## TASK BRIEF:
The task for the listing below is to write out exactly the lines starting at the one containing "שחור nero סקיני ג'ינס עם מכפלת פרומה פטיט" and ending at the one containing "HOMEODEL Suppléments Homeodel", both included. Pictures are to be omitted.

## SUPPLIED MATERIAL:
--

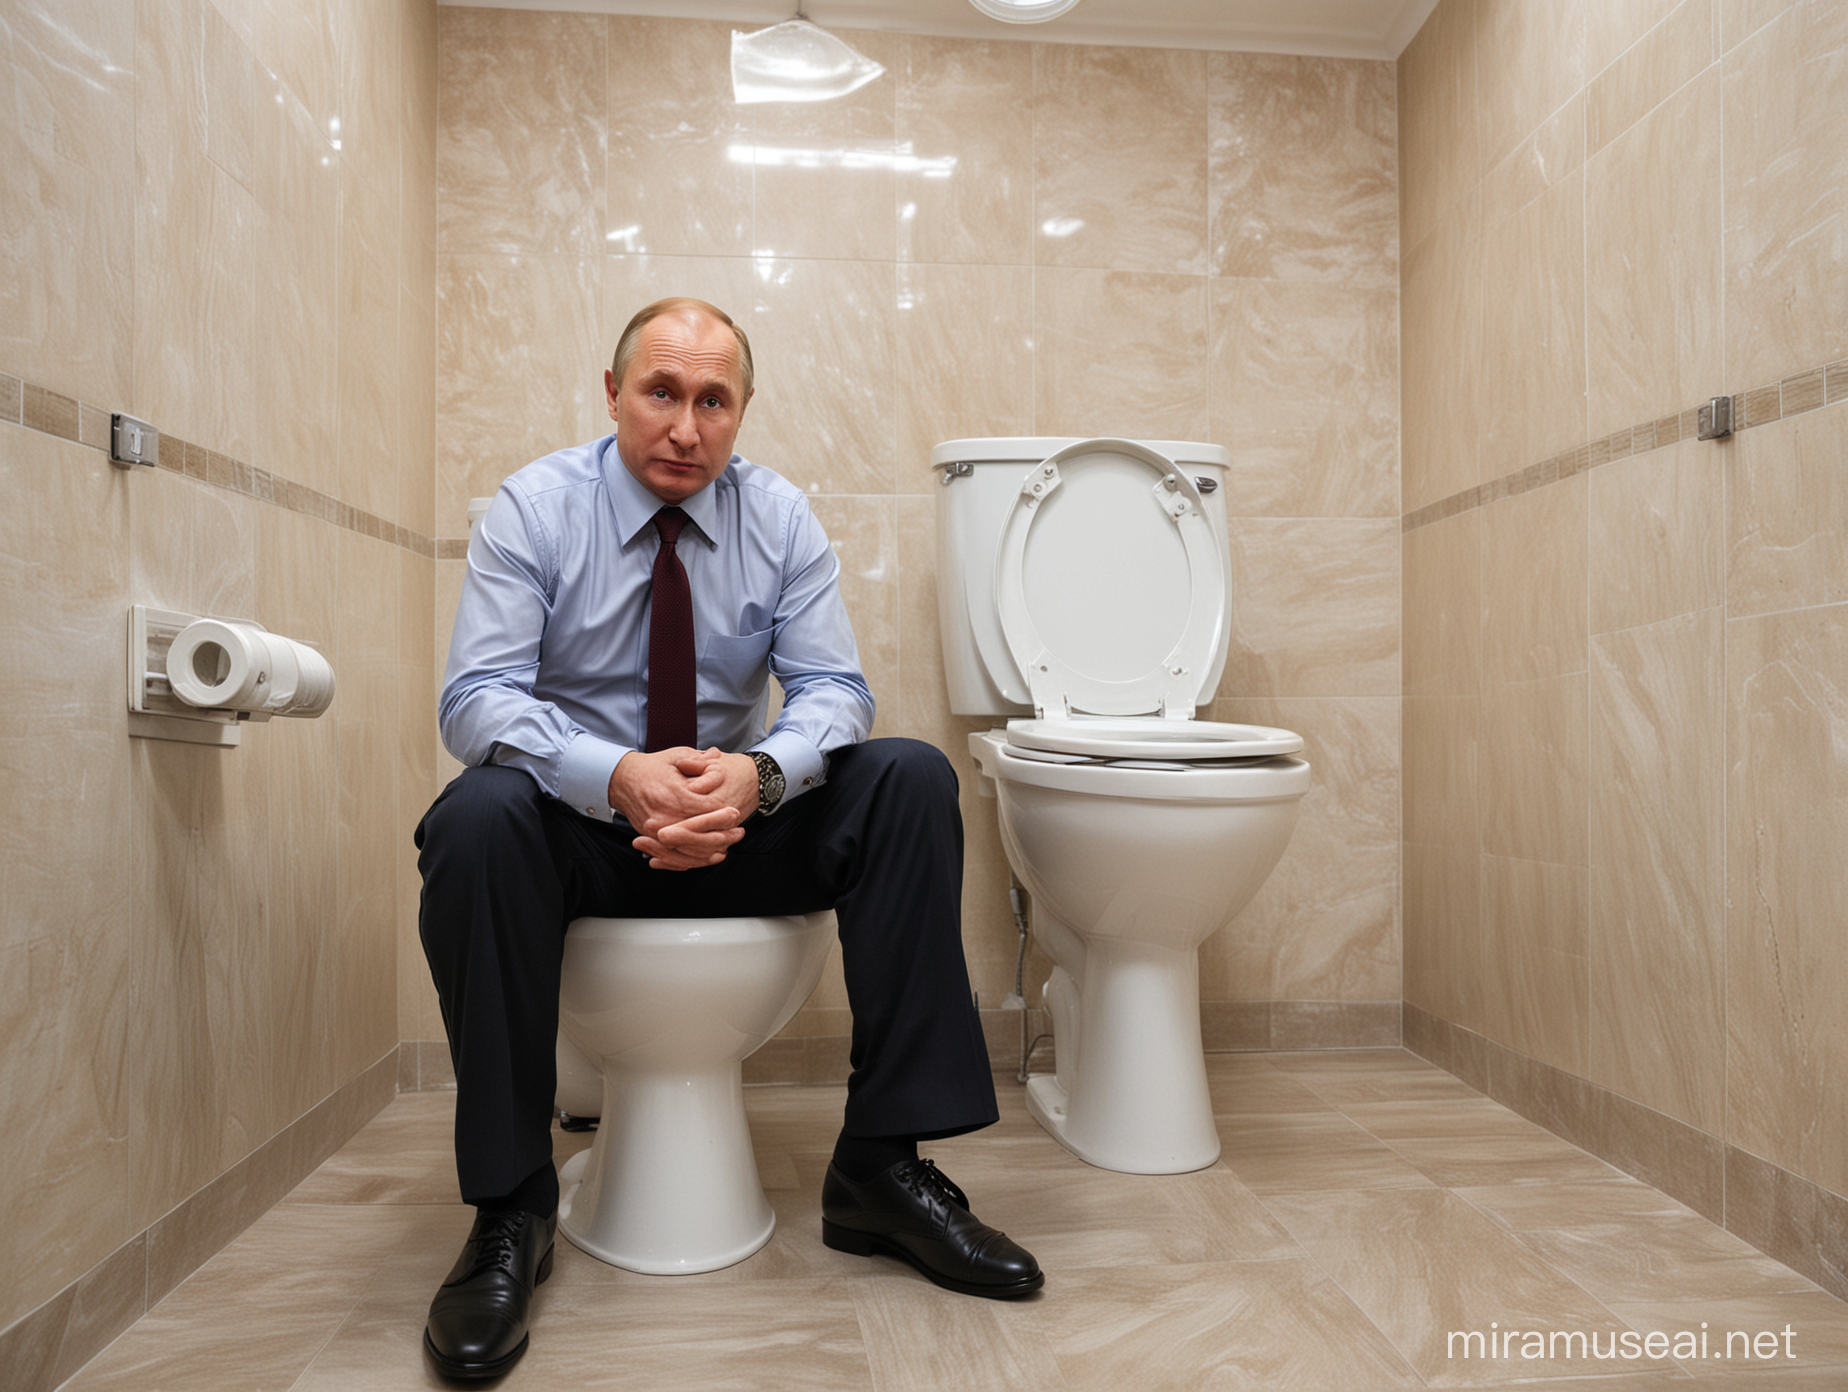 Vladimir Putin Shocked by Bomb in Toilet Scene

--

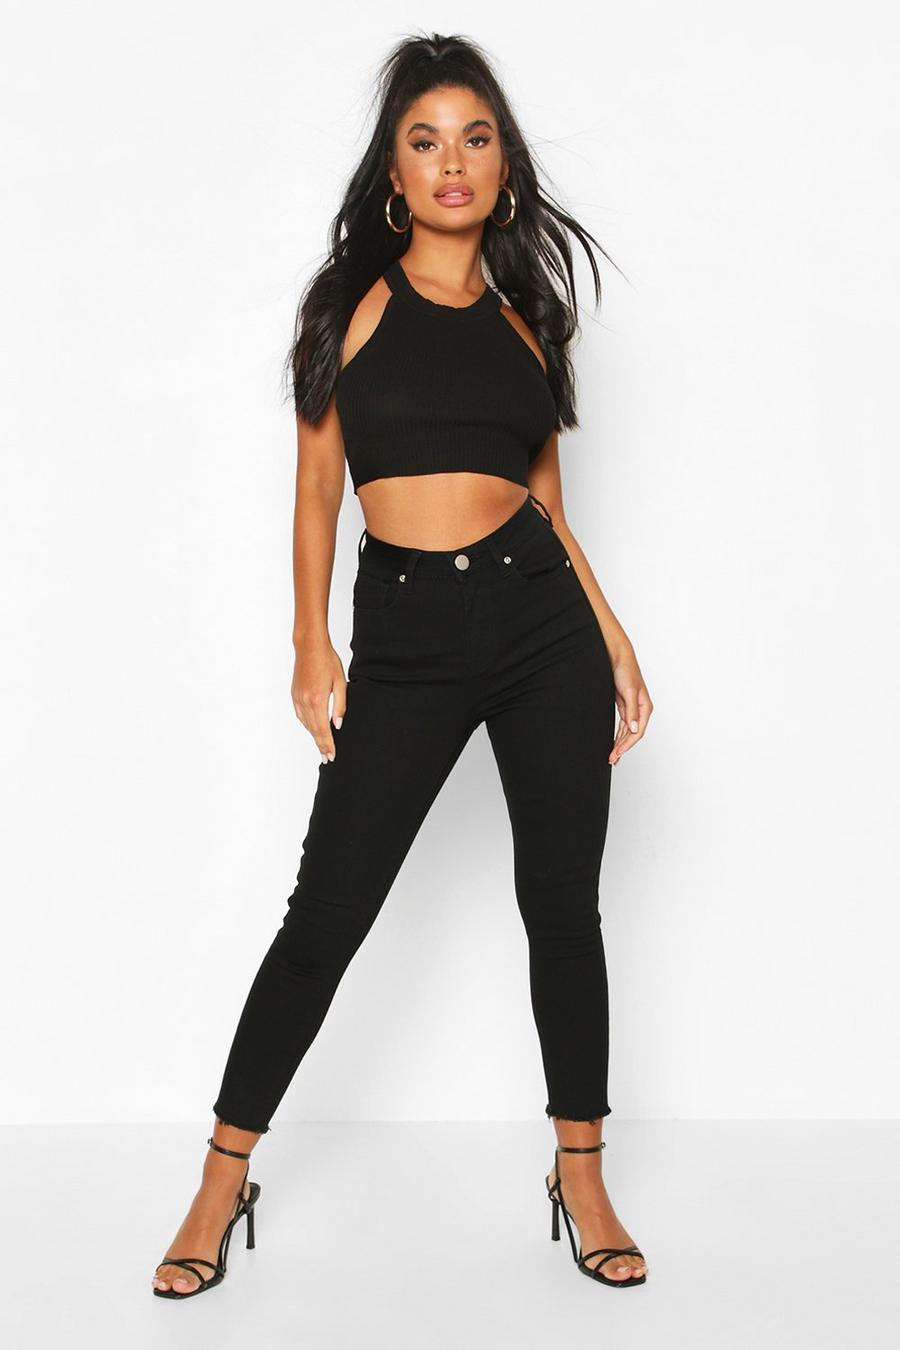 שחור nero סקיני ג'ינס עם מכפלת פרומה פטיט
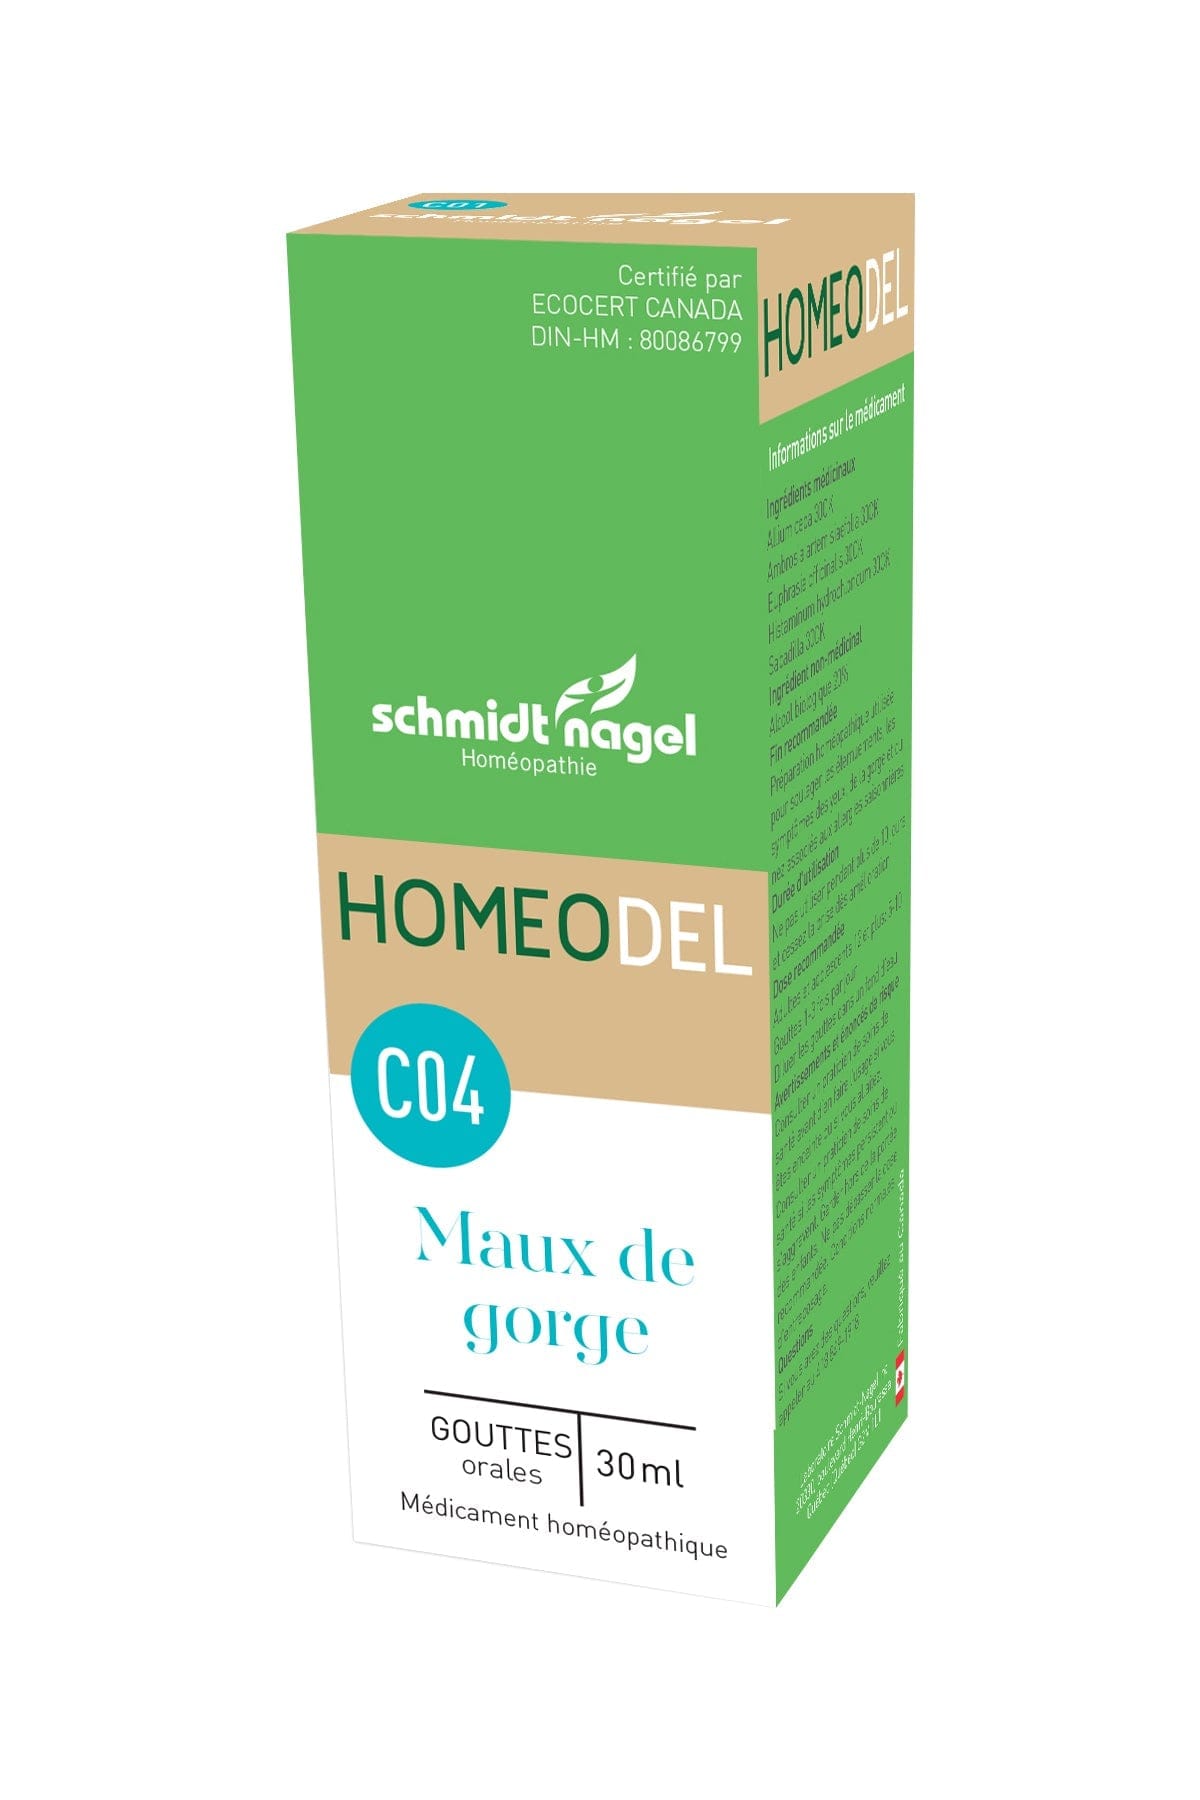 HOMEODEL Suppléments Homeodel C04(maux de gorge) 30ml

--

## ANSWER SECTION:
 שחור nero סקיני ג'ינס עם מכפלת פרומה פטיט
 HOMEODEL Suppléments Homeodel C04(maux de gorge) 30ml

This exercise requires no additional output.